§ Work task:
Exclude the pictures and repeat all of the data exactly.

§ Input data:
'''
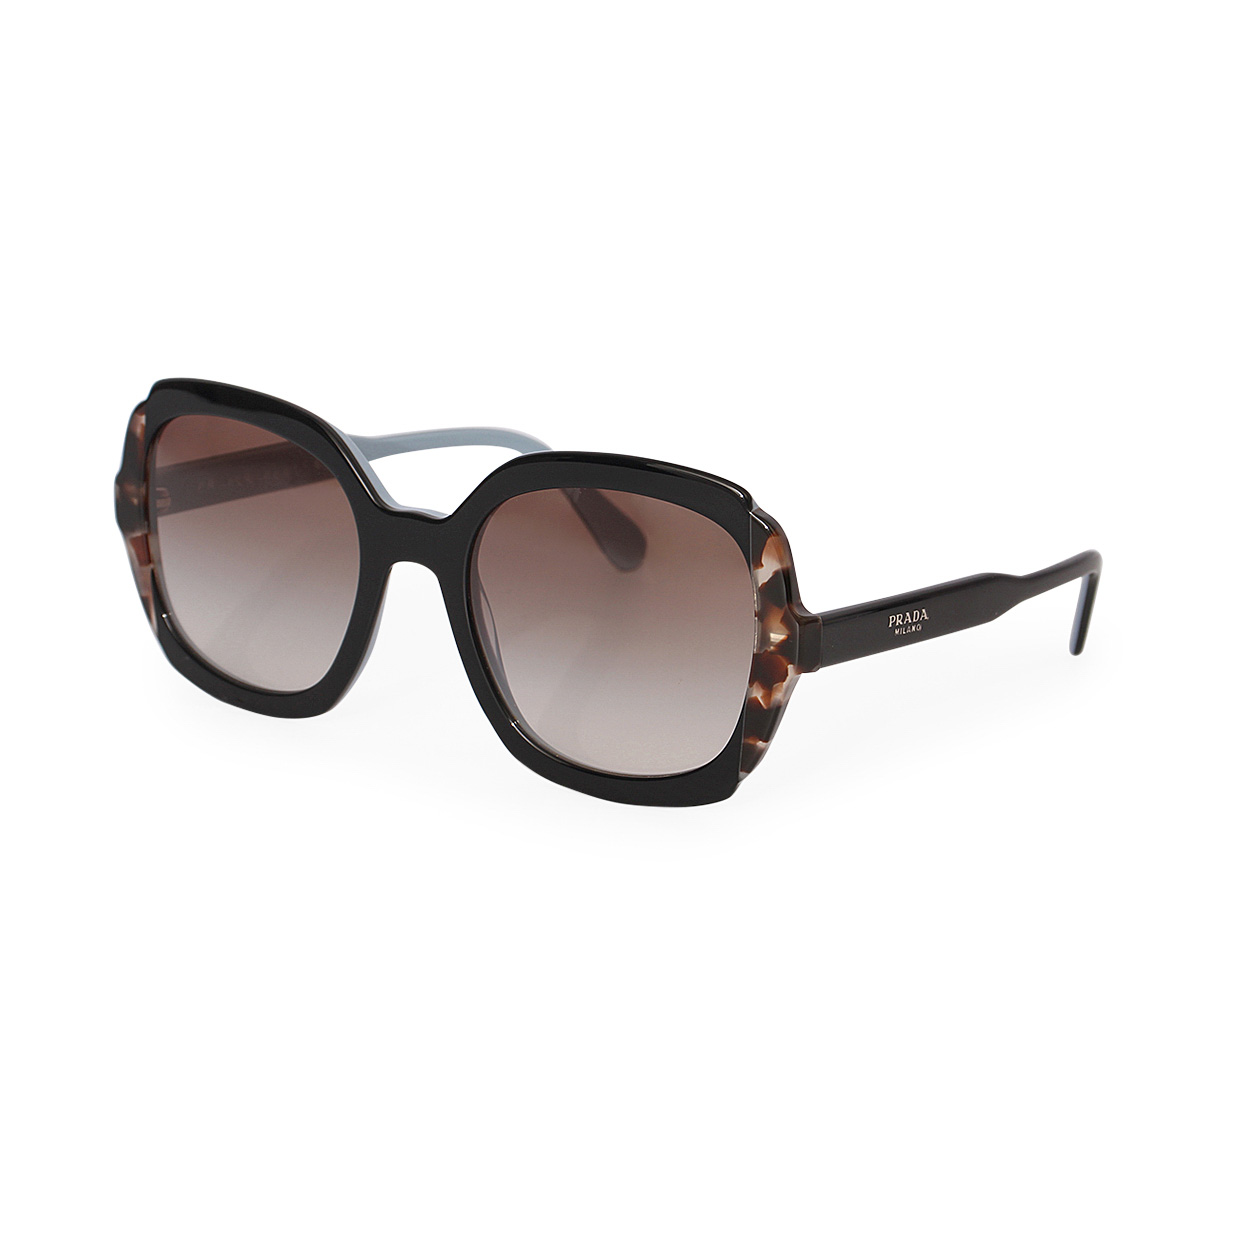 PRADA Sunglasses SPR 16U Black/Blue | Luxity
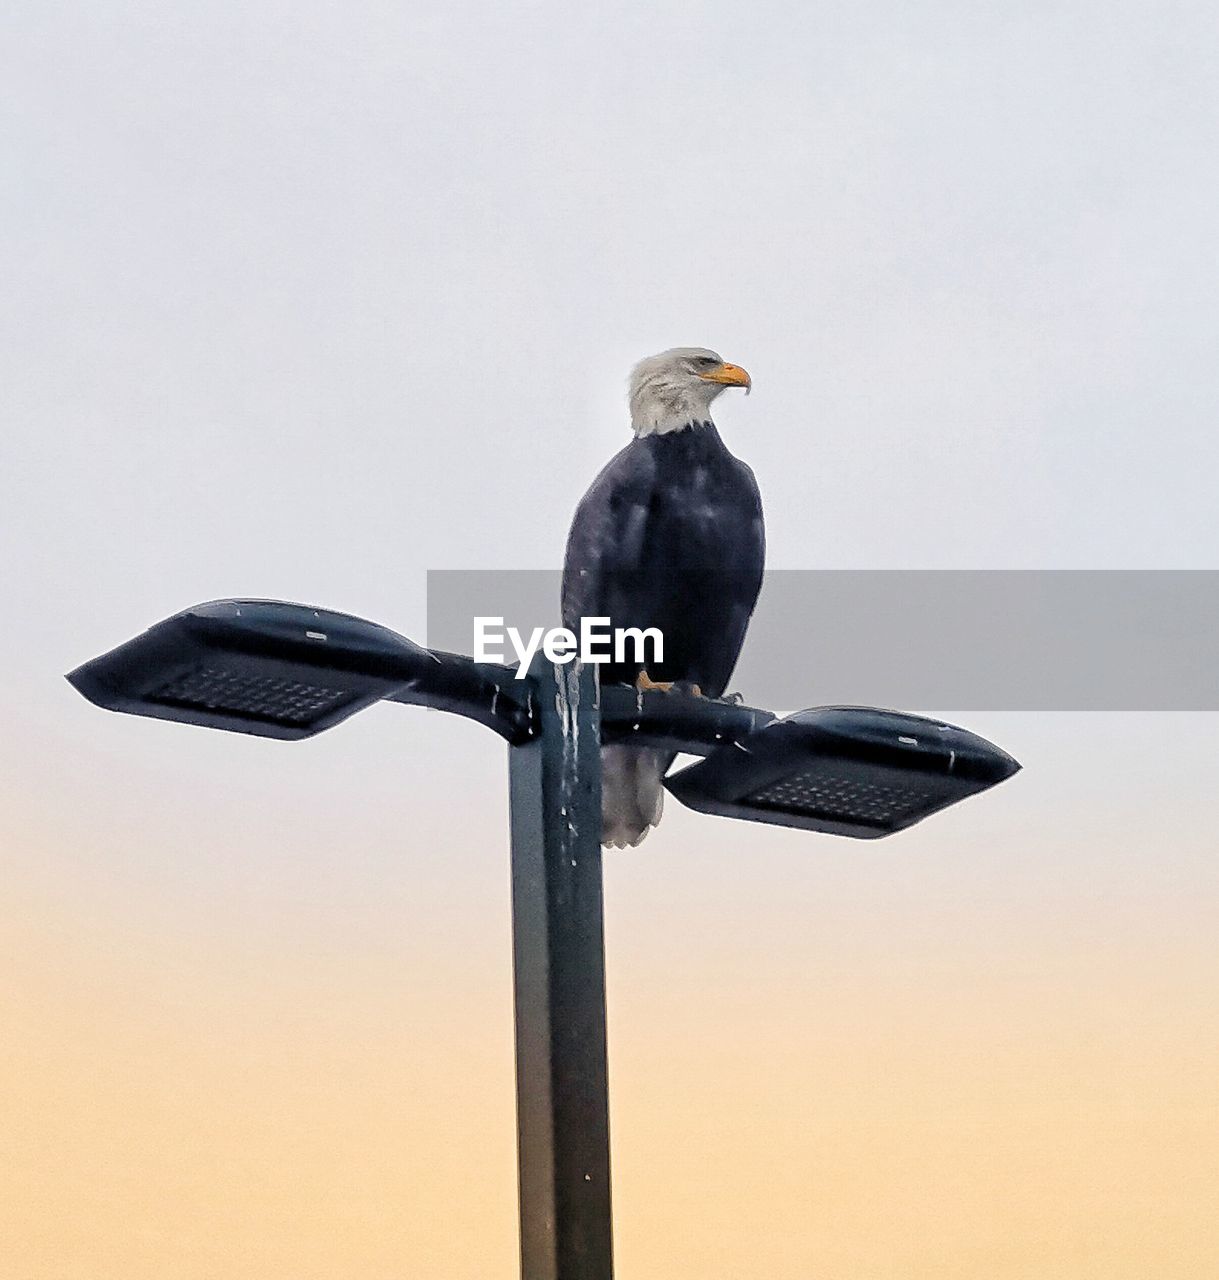 Eagle sitting on light post in delta, british columbia
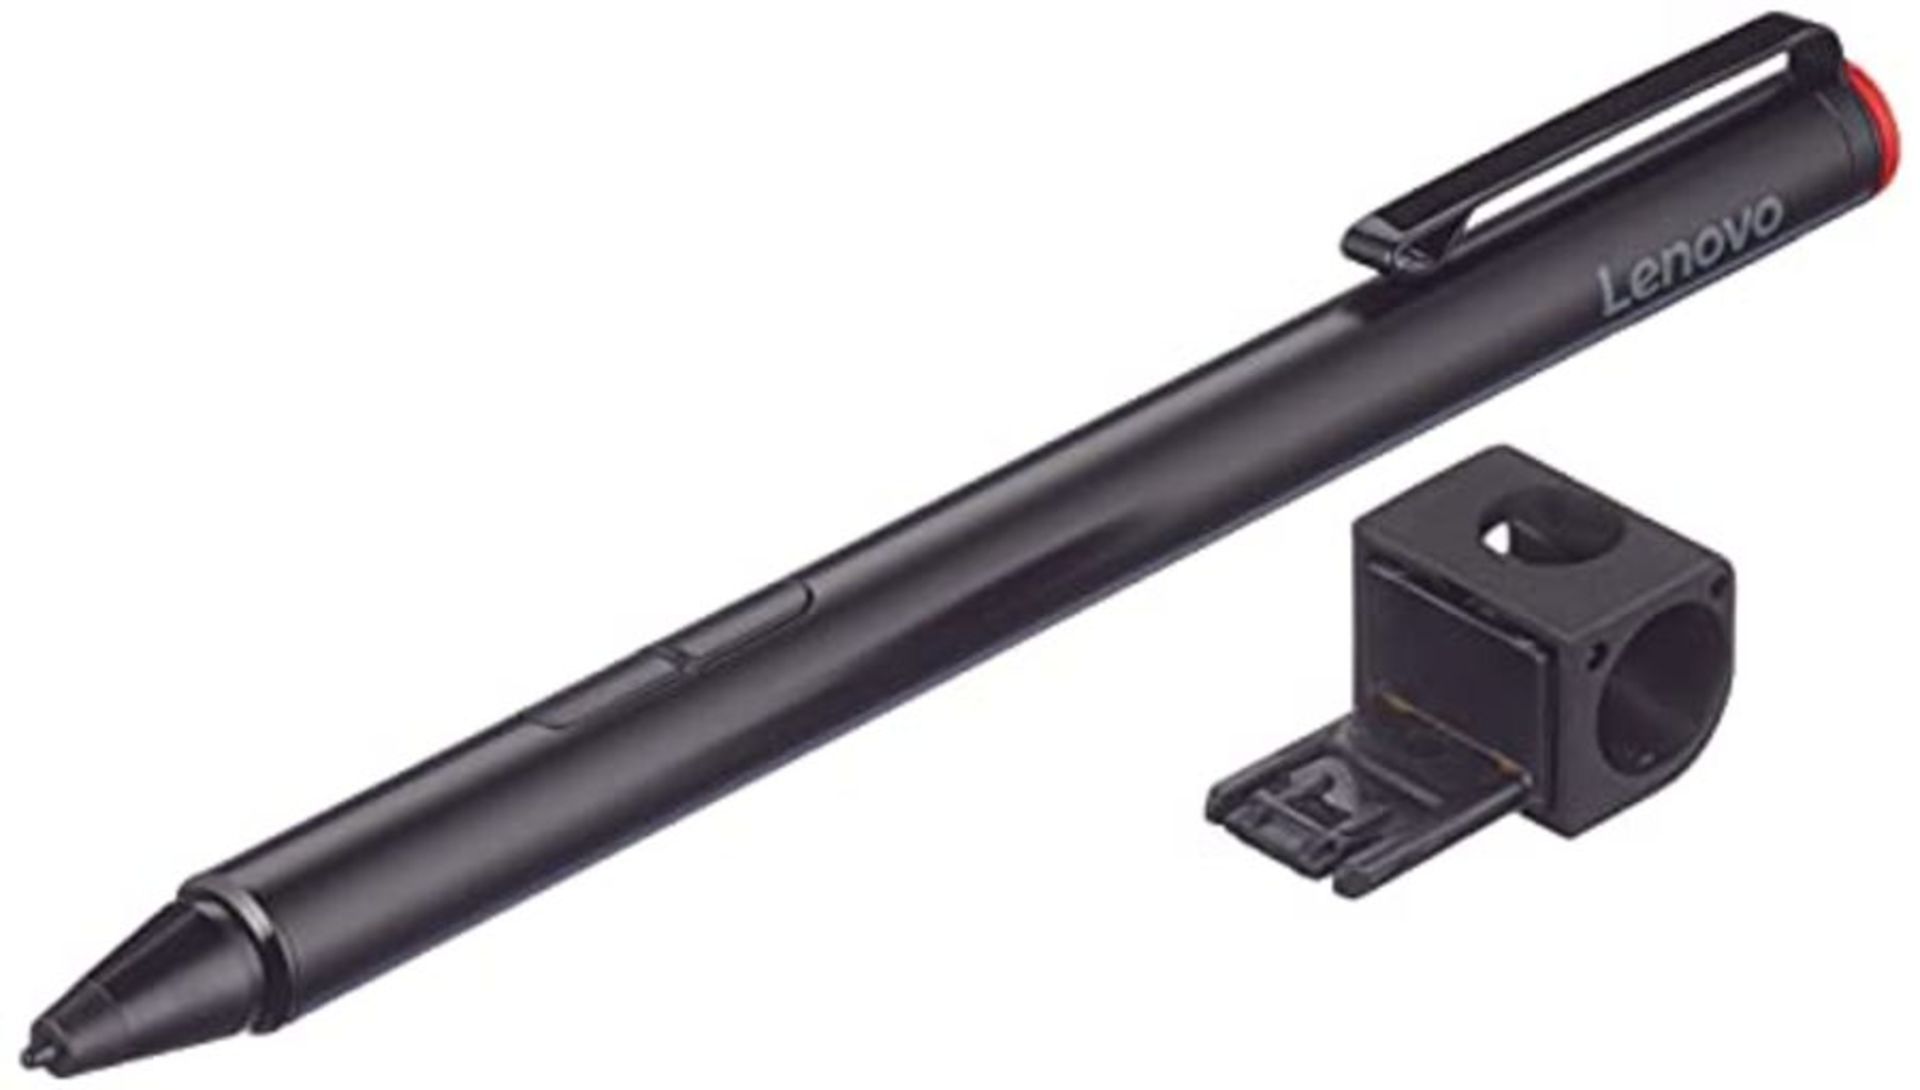 Lenovo Active Pen (GX80K32884) for Yoga (Black) (Configurable Buttons, Anti-accident C
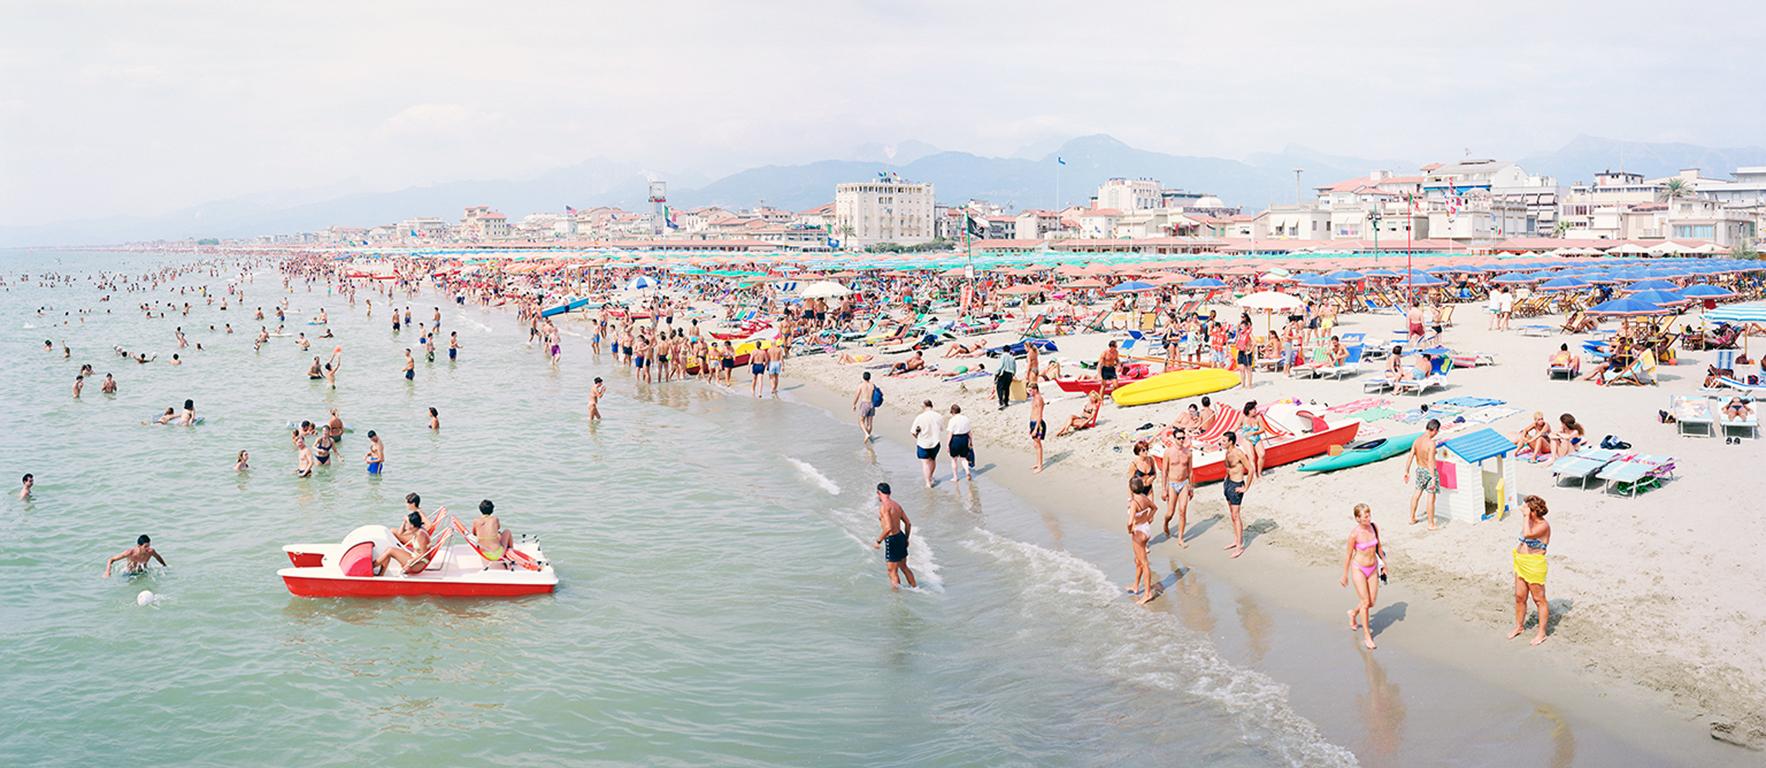 Viareggio Pano (framed) - unique panoramic photograph of Mediterranean beach 
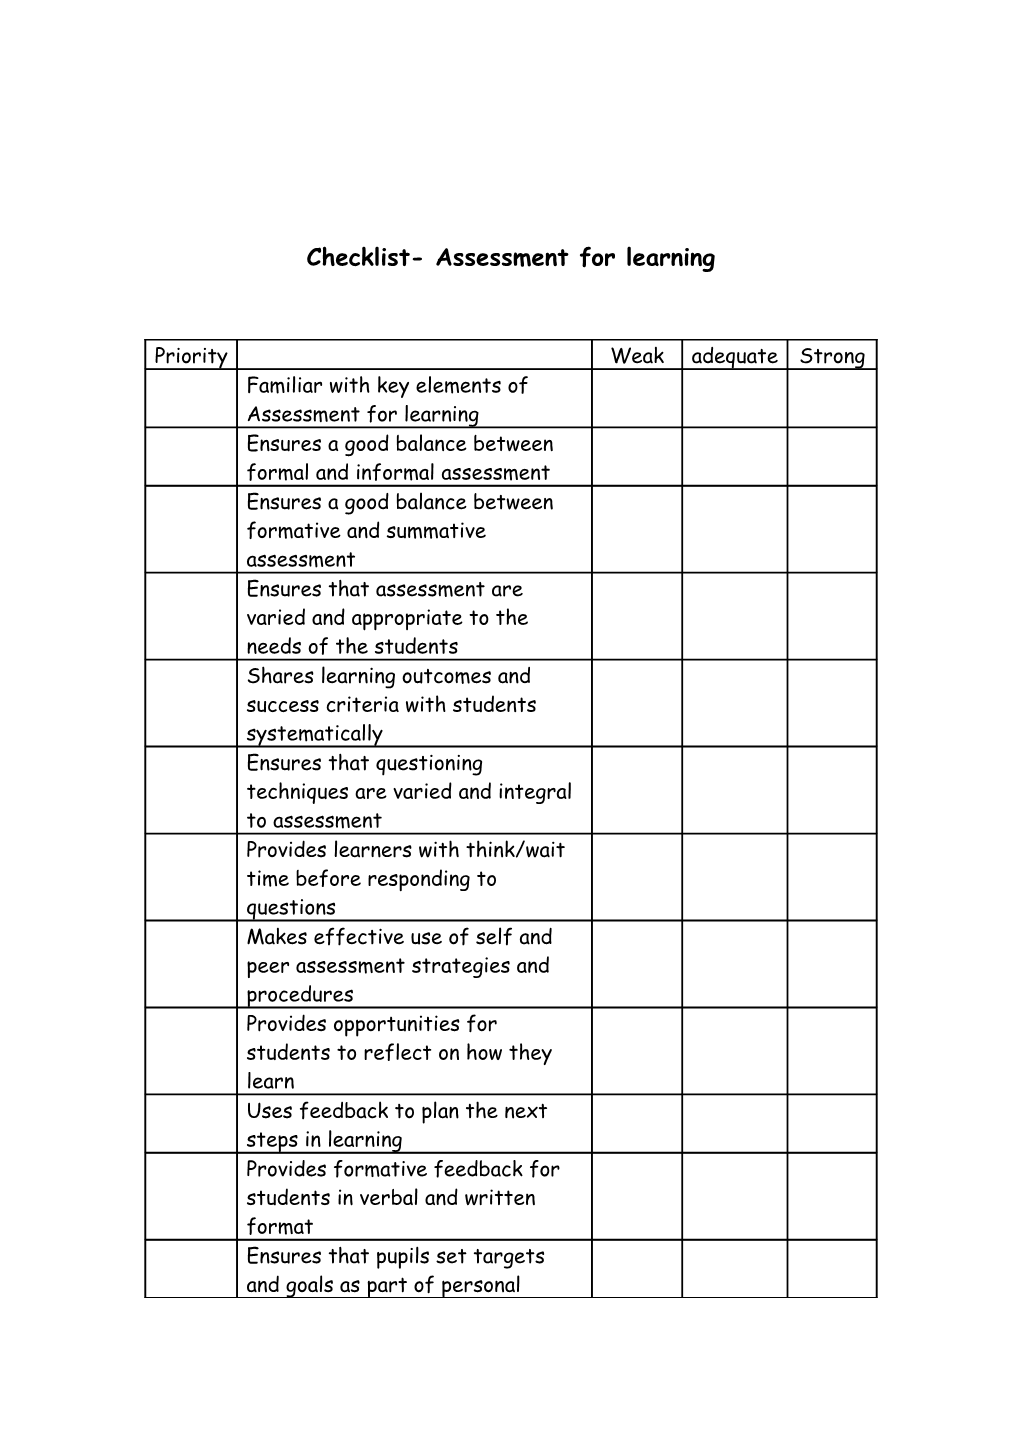 Checklist- Collaborative Learning
'''
§ Output of the exercise:
 PRADA Sunglasses SPR 16U Black/Blue | Luxity
 Eagle sitting on light post in delta, british columbia
 Lenovo Active Pen (GX80K32884) for Yoga (Black) (Configurable Buttons, Anti-accident C
 Viareggio Pano (framed) - unique panoramic photograph of Mediterranean beach 
 Checklist- Collaborative Learning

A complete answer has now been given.